The upper and lower extremities always work together during tennis shots and the patterns of the core muscles are just the link that connects them. If the system is effective in ensuring that a player gets up to the ball in time, in balance and in the best possible position to hit the ball. Also, in modern tennis, strength training plays an important role and is essential to improve the depth of shots as straight in today’s tennis. Exercises such as arm-stretching on Chest Press Artis (for an isolated training of the kinetic chain of stretching of the upper limbs) or on Kinesis One (from standing and therefore requiring the stabilization of the core muscles) and a series of bust flexes on Total Abdominal Artis for example can improve the power of the shot.
Physical preparation is an integral part of specific training for playing tennis to improve your skills. A player must be strong, but not like a weightlifter, fast, but not as a hundred metre sprinter and resistant, but not like a marathon runner. This training program prepares your body for better performance during the match. For exercises that are targeted and functional to the technique and the game on the pitch, nothing is better than Kinesis  Personal. The total freedom of movement granted by the patented FullGravity technology allows the trainee to move through the three dimensions of the space, moving all the kinetic chains of the body. A good 30-minute workout could be:
  • Arm rotations on Kinesis Personal, 2 sets of 8 reps with 40-second recovery
  • Extra arm rotation on Kinesis Personal, 2 sets of 8 reps with 40-second recovery
  • 5 minutes of cardio preparation on Excite TOP allows you to better activate the muscles of the upper body involved in tennis activity.
  •  Chest press Pure, 2 sets of 8 reps with 40-second recovery
  • Wide Grip Tractions on Row Pure, 2 sets of 10 reps with 40-second recovery
  • Shoulder press Pure, 2 series of 10 reps with 40-second recovery
  • Bust flexes on Abdominal Crunch Sel, 2 sets of 10 reps with 40 seconds each

The Handles

Handle: we can predict two, continental for the right hand, while eastern for the left, that we will take care to put over the right on the handle of the racket. Once the racket is held, we are ready to bring it back in a linear way and with a simple movement, keeping the arms quite outstretched and the elbows not too bent.
At the impact with the ball, it is crucial to keep the plane of the strings well, which must be facing the field. Better then to use your wrists a little, and hold them so you have the racket with the string plate parallel to the net for all the impact movement. This way the ball should come out straight with a big push and end up in the other half of the court.
Any other things to know about the two-handed backhand? If we start from scratch, it’s easier to learn than the classic backhand, and “forgive” more. In the sense that it has many of the advantages of a straight and allows you to get to the ball even if we started not quite in a lightning-fast way or if the ball is very high or very low. A versatility that is not characteristic of the backhand to one hand.
Between the cons of the two-handed backhand instead, there is certainly the position of our body as a whole, more rigid than the elegance of the one-handed backhand. A few decades ago, it was said that the two-handed backhand was disadvantageous because it forced the player to get better on the ball to be able to hit it since with two hands there is less extension. Decades of champions and amateurs who have practiced the shot prove the opposite: with the backhand to one hand, flat, in topspin, you are forced to get well directed on the ball, because it must be taken by force in front of the body.
Moreover, as previously mentioned, with the backhand to two hands even arriving more roughly on the ball “playing” with the wrists and hands you can play a good shot. Important to remember for those who approach tennis, beyond the choice between a two-handed backhand or a hand, it is still essential to know how to handle the backhand with a cut hand, because that is the shot that allows you to play many of the balls out of position: too high, too low, too far.

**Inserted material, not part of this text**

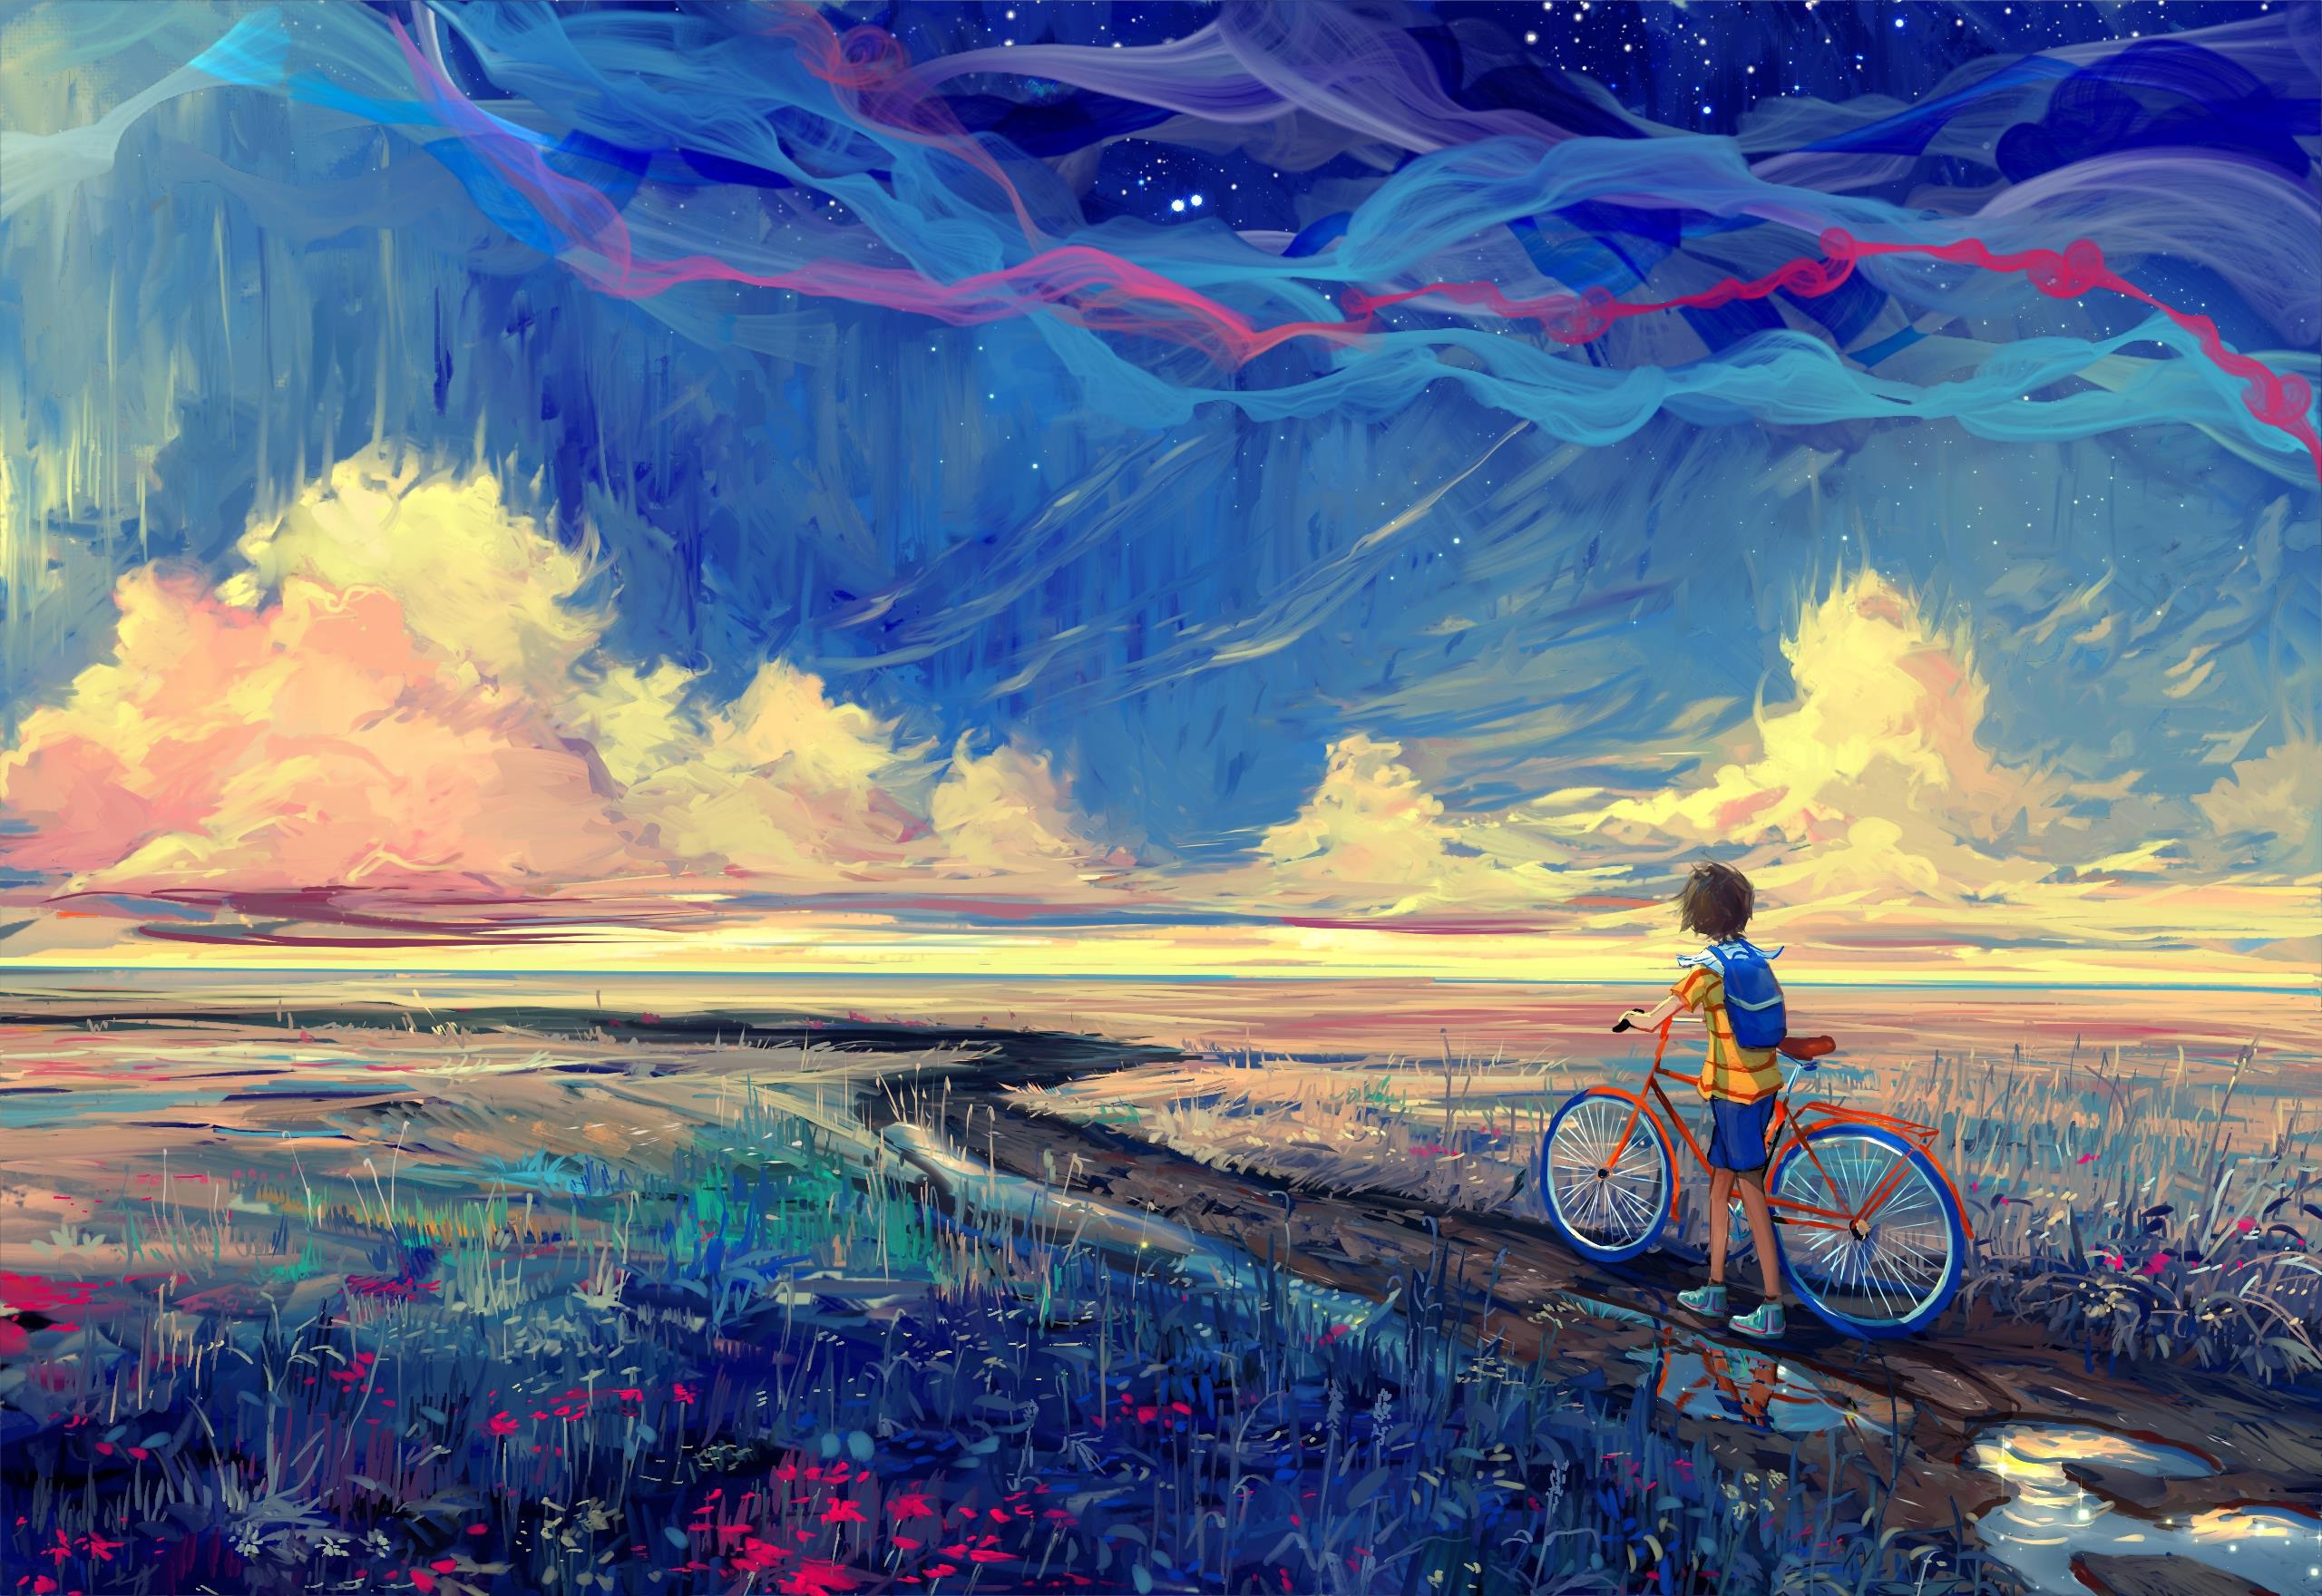 bicycle, Artwork, Fantasy Art Wallpapers HD / Desktop and Mobile

The story of the two-handed backhand

Already in the 30s of the last century, thanks to the insights of Vivien McGrath and John Edward Bromwich, which is affirmed both in international competitions and among amateurs since the 70s. Of course, in the ’60s there were some exceptions, such as the Ecuadorian tennis player Pancho Segura or the Italian Giuseppe Merlo, which exploit the practicality and power of two hands in reverse.
The two-handed backhand at the time is not yet a blow that everyone tries, both for reasons of practicality and opportunity. It is with Björn Borg, however, that everything changes. The Swede has dominated world tennis since the mid-1970s for about a decade and plays both straight and backhanded two-handed topspin. It is a small revolution born from a practical need: the wooden racquet he used weighed too much, better to hold it with two hands than with one. But Borg is not alone: even Jimmy Connors – his rival at the time – usually uses the backhand with two hands, and Connors himself will be the first tennis player at number one in the ATP ranking with that kind of “move” in the repertoire.
The two-handed backhand just in those years between the ’70s and ’80s is going from underground to mainstream: now it’s a customs-free style, that chooses both the champions who triumph over the green of Wimbledon and the fans. From then on it will be a crescendo in popularity until the domination in the 90s with the Bollettieri school players – André Agassi and Jim Courier above all – at the top of the world rankings.

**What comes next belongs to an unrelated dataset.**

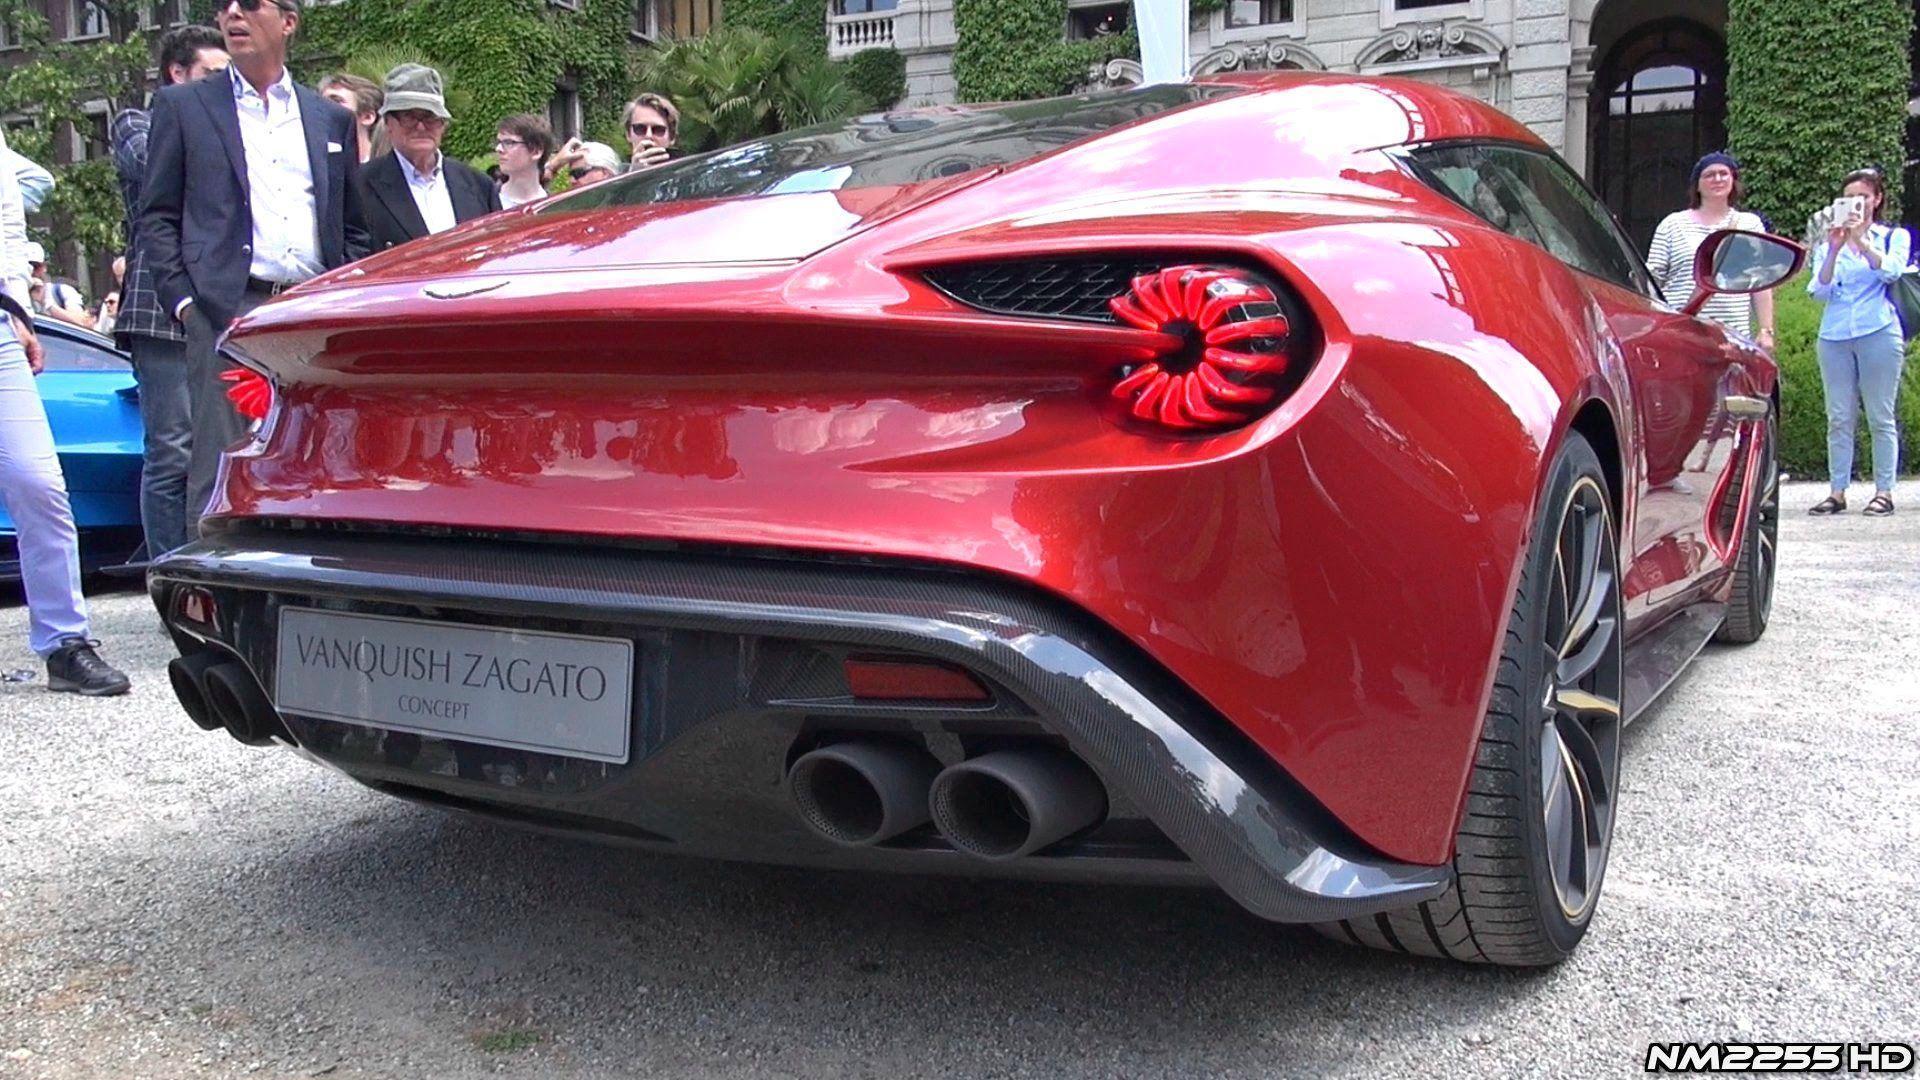 Aston Martin Vanquish Zagato concept debuts at Villa d&;Este

Why the two-handed backhand is so widespread

The years go by and the music doesn’t change, with the ’00s and ’10’s seeing the top ten of the ATP ranking full of tennis players who have for the most part an excellent two-handed backhand, of course, with some “heavy” exceptions among the champions who continue to prefer the single-handed backhand setting. From the ’90s onwards to the number one in the ranking of the strongest players in the world we find only three phenomena to prefer the classical setting: Pete Sampras, “Pistol Pete” with his services at 215 km / h, Ivan Lendl, another champion who closed his career before 1995, and a certain Roger Federer, probably the best tennis player ever active.

Why the rotation of the trunk is essential for a successful blow?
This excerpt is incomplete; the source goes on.